Love Was My Evil
I was 15 years old. (And you know how you are as a young girl trying to find love) And I met what I thought was the love of my life online. He was charming, and he had a lot in common with me. I started going to his house every day. I was madly in love. (or so I thought at the time) I became pregnant with his child after three months of dating. I assumed my parents were terrible people. They did not approve of me keeping this baby I mean I was 15, so I leaned on my boyfriend for the support I needed as a pregnant teen all alone.
There was so much drama after we had the baby. He slapped me in the hospital room just the day after giving birth by cesarean. I didn't think anything of it. I was 16. I just got pissed. Well eventually time flew by, and I was 18. I moved out two hours before the clock struck midnight of my 18th birthday to go live with my "prince charming" and be a happy family with our 2-year-old son. We got a place to ourselves, and we started to argue. Nothing too dangerous I guess, but they escalated. I just turned 19, and I became pregnant with our second son. The abuse mellowed out during this time. Our life was happy again. Our son arrived, and joy spread through our lives. Then four months later I unexpectedly got pregnant again. Things became dark after this. Our love life declined. I was always getting yelled at about how we could not afford this child. We moved once again into a trailer my parents had brought us. Then things started to decline.

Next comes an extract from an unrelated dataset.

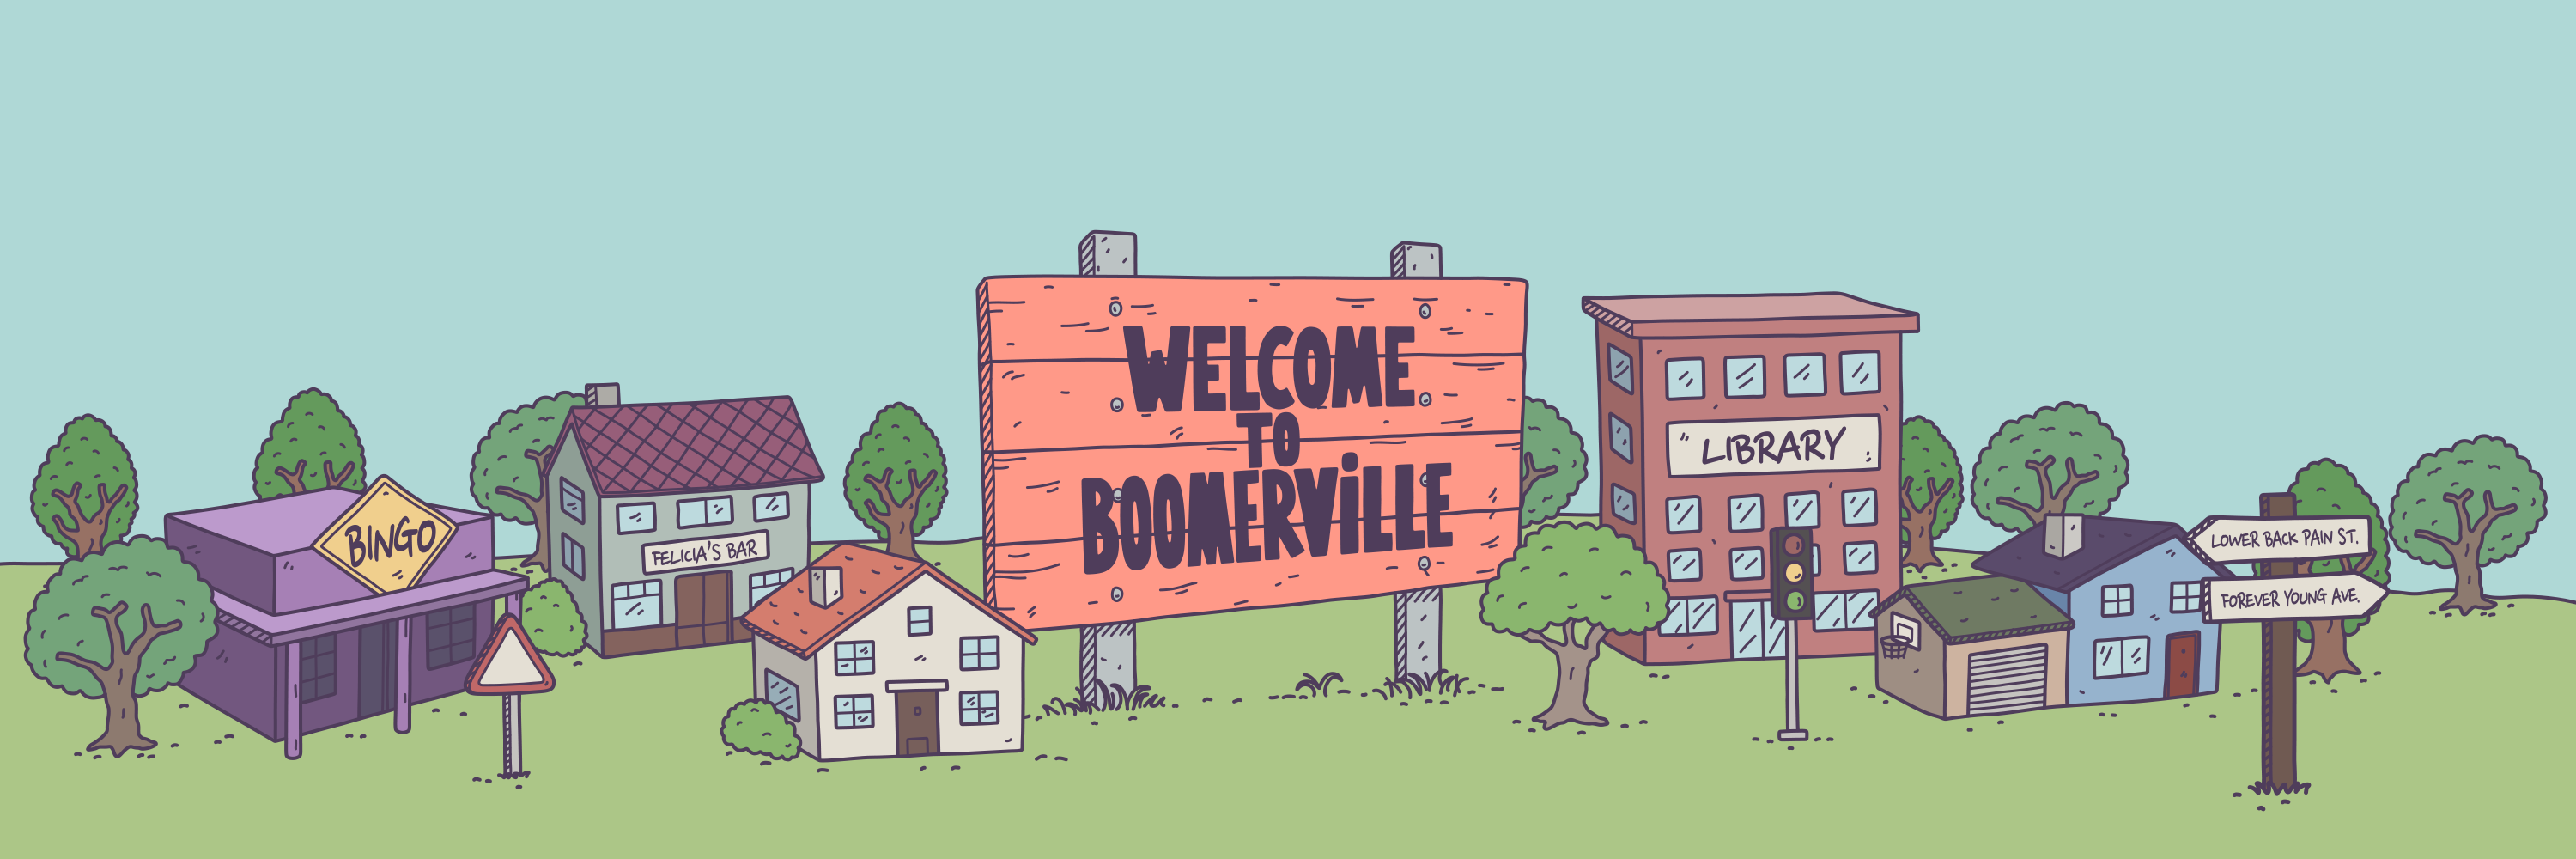 Boomerville

My fiance then began to do prescription pain medication. His addiction wasn't bad, and I overlooked it because I assumed it was for his back pain because he has severe scoliosis and no insurance to go to a doctor. Our son was born July 3rd, 2014. The love was completely gone to him. He began to ignore me. Complain about how I was in bed. How I need to do sexual favors better. He complained about my weight the way I looked everything. His addiction worsened horribly within a year. He began to beat me every day brutally. At this point, I want to die. I ran away twice. The first time to his mother's house. He found me and the second time to a woman's shelter. I was safe there, but he managed to text my phone and convince me of leaving. When I came back, the beatings were so bad I could not even function. I had black eyes a swollen face I was kicked, knocked down, and punched. He threw tables at me and pulled a gun on me. At this point, I'm wondering if I'm going to see tomorrow. I had a good friend at my work whom I discussed this with a lot he was afraid of what to tell me to do. I began romantically talking to him online in secret. I liked him, and he appreciated me, and I was getting quite tired of getting beaten. I figured if I can not be happy and I'm going to get my life threatened it was time to stand up for myself.

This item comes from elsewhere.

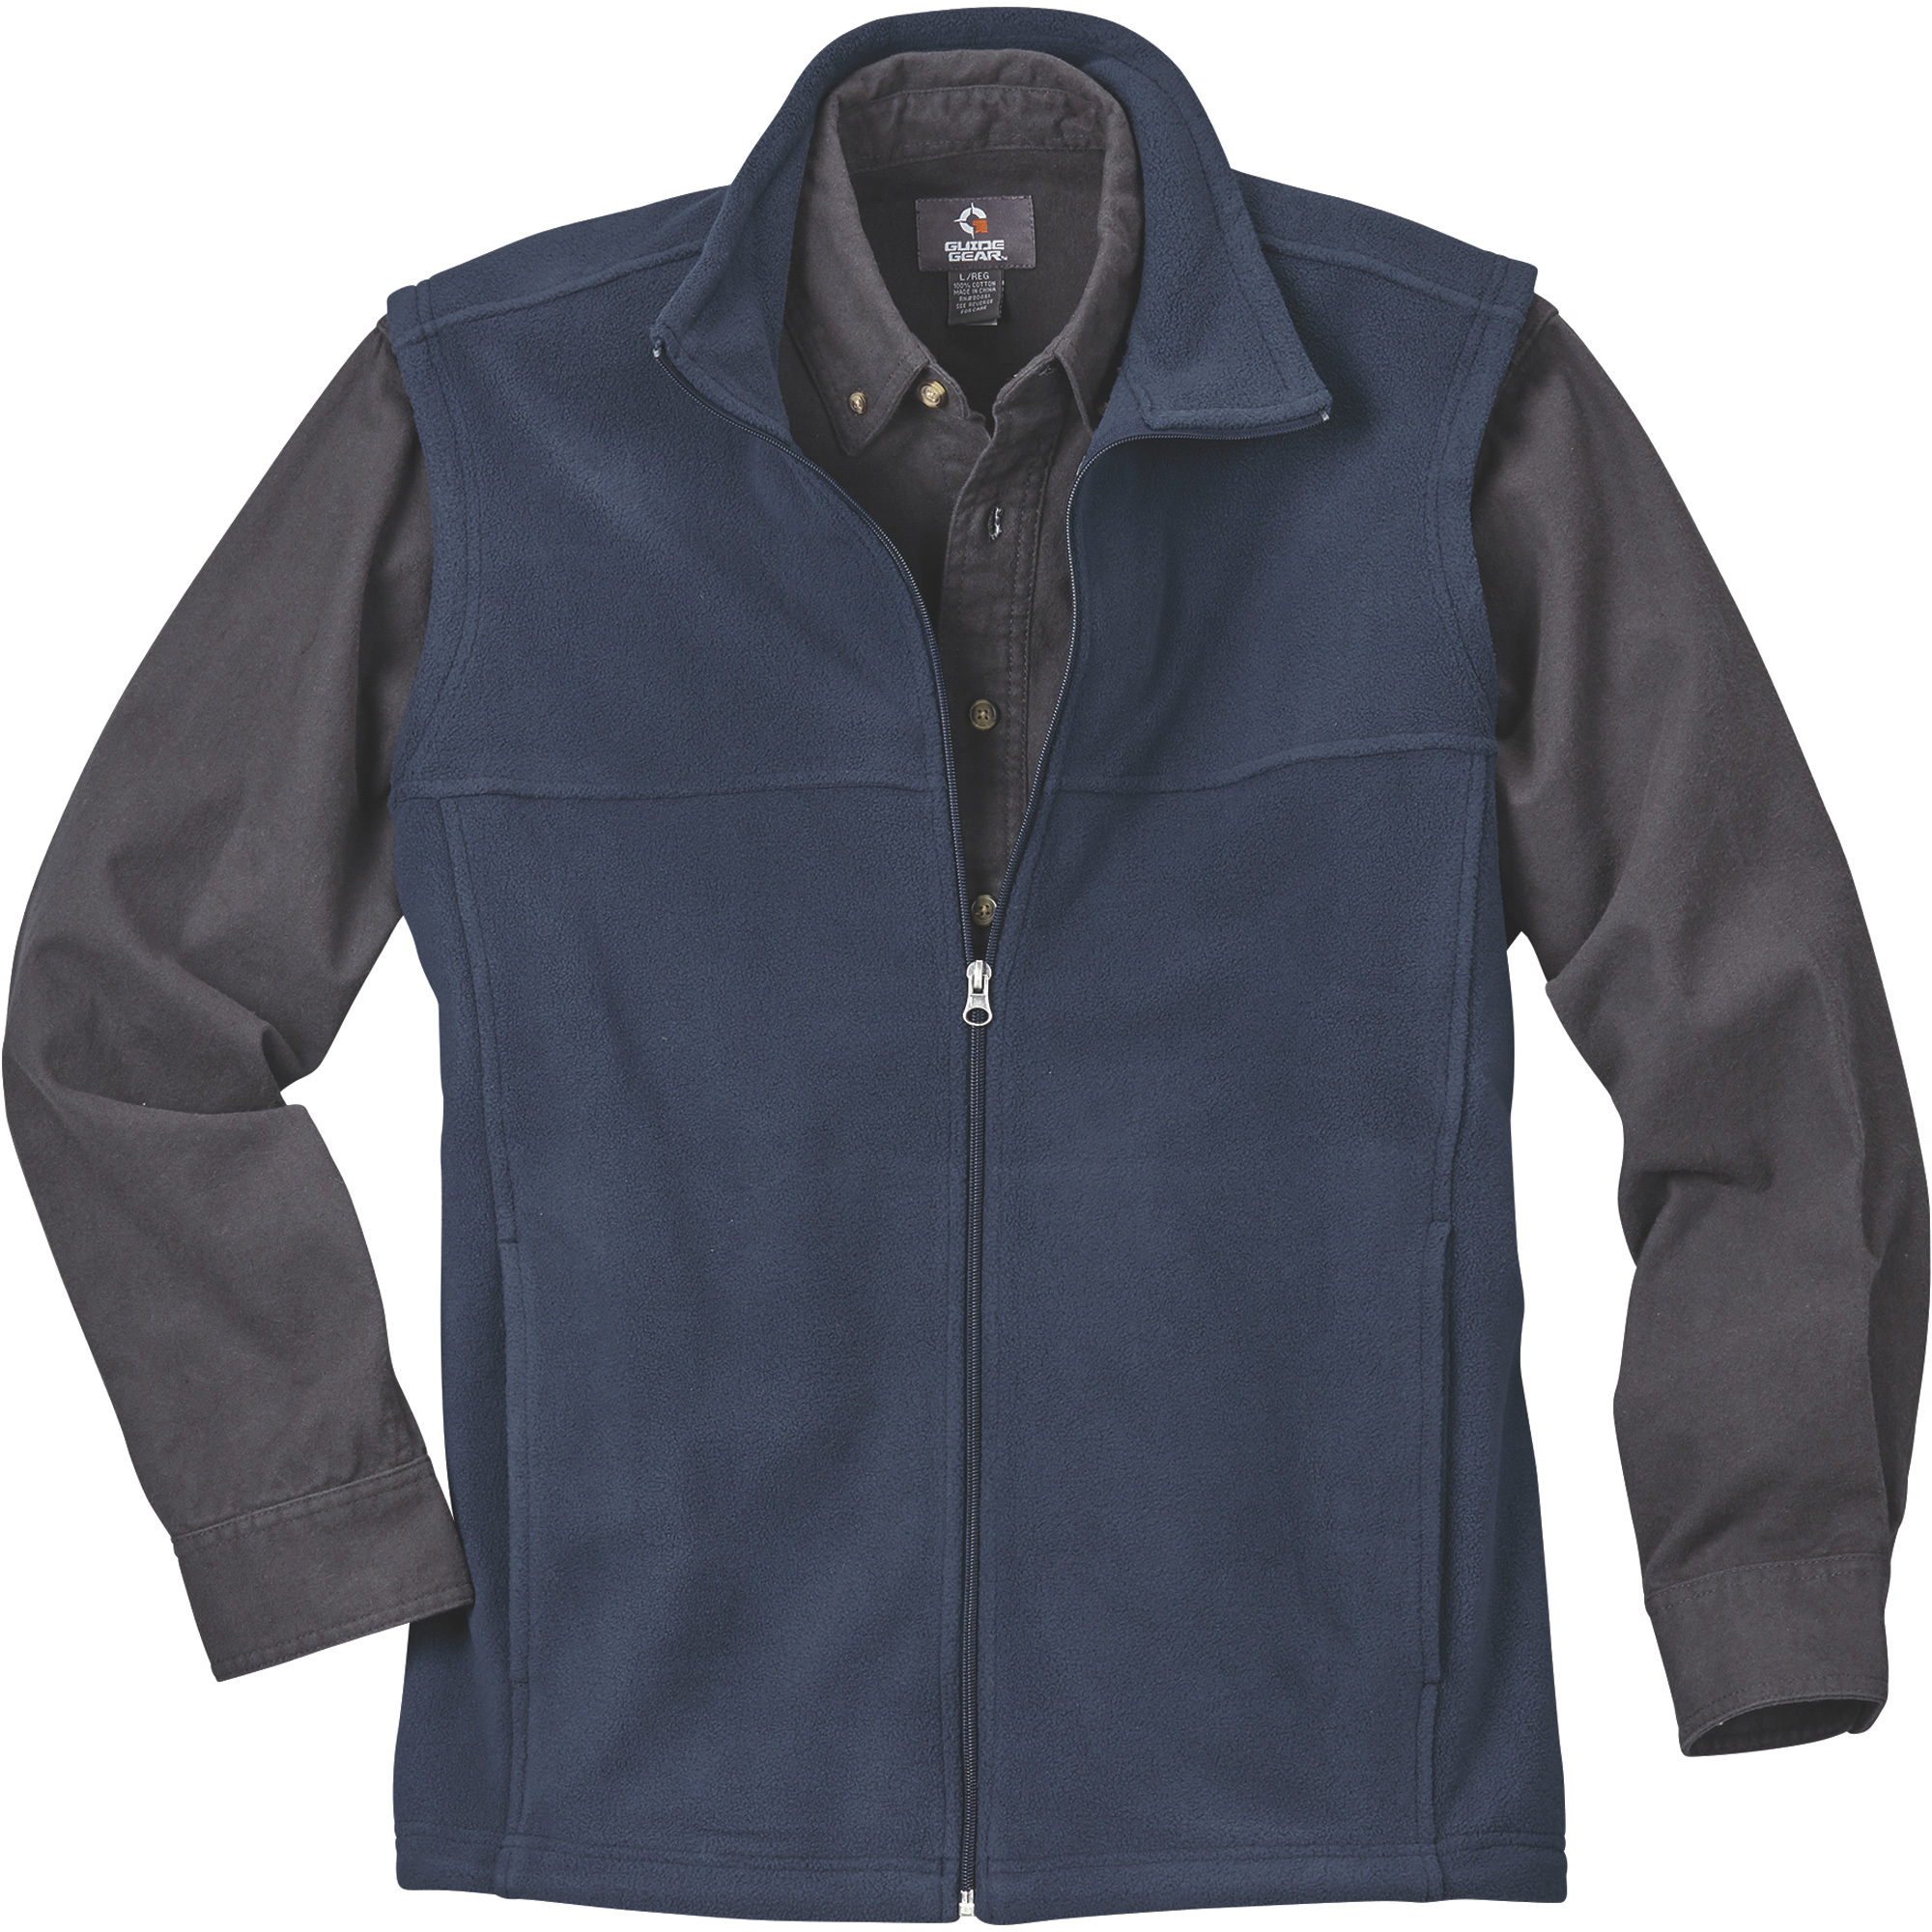 Gravel Gear Men's Zip-Up Fleece Vest â Navy, 2XL

One day he took it too far. He picked me up from my sister's house where I had to stay one night because he locked me out of my house. He punched me so much to where I was bleeding all over my face, and I was severely bruised. He left for work, and I'm sitting at home counting down the minutes for him to come back and finish me off. I texted the man whom I worked with and was romantically speaking with and asked him what I should do. There was no reply he was working. The time was ticking faster. And I built up all the courage in me to dial 911. The police arrived, and I showed them what he had done to me. Very shortly after, he pulled up. The police arrested him on the spot. He begged and pleaded me, and I told him bye is all I could say to him. It turns out the man whom I was speaking with at this time got my message and rushed to get me afterward and take me to a safe place as the police advised me.

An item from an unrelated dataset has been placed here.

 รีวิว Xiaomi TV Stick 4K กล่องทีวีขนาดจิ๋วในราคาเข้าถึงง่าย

We began dating after this, and now he is my whole world. Our relationship is an example how love should feel. He treats me with the utmost respect and loves me so dearly, And I realized that what I thought was love for seven years was not love. It was a routine that I was too afraid to break. I now feel empowered to tell women of my experience because I know they can let go too. My abuser still gets visitation of the children when he returns from jail but I got an order of protection, and he is not allowed to contact me. Or come near me. But overall my life is 100% better, and I no longer fear for my life, and I don't have to walk on thin ice every day. And that feeling is very amazing to me that I am finally free from the prison I lived.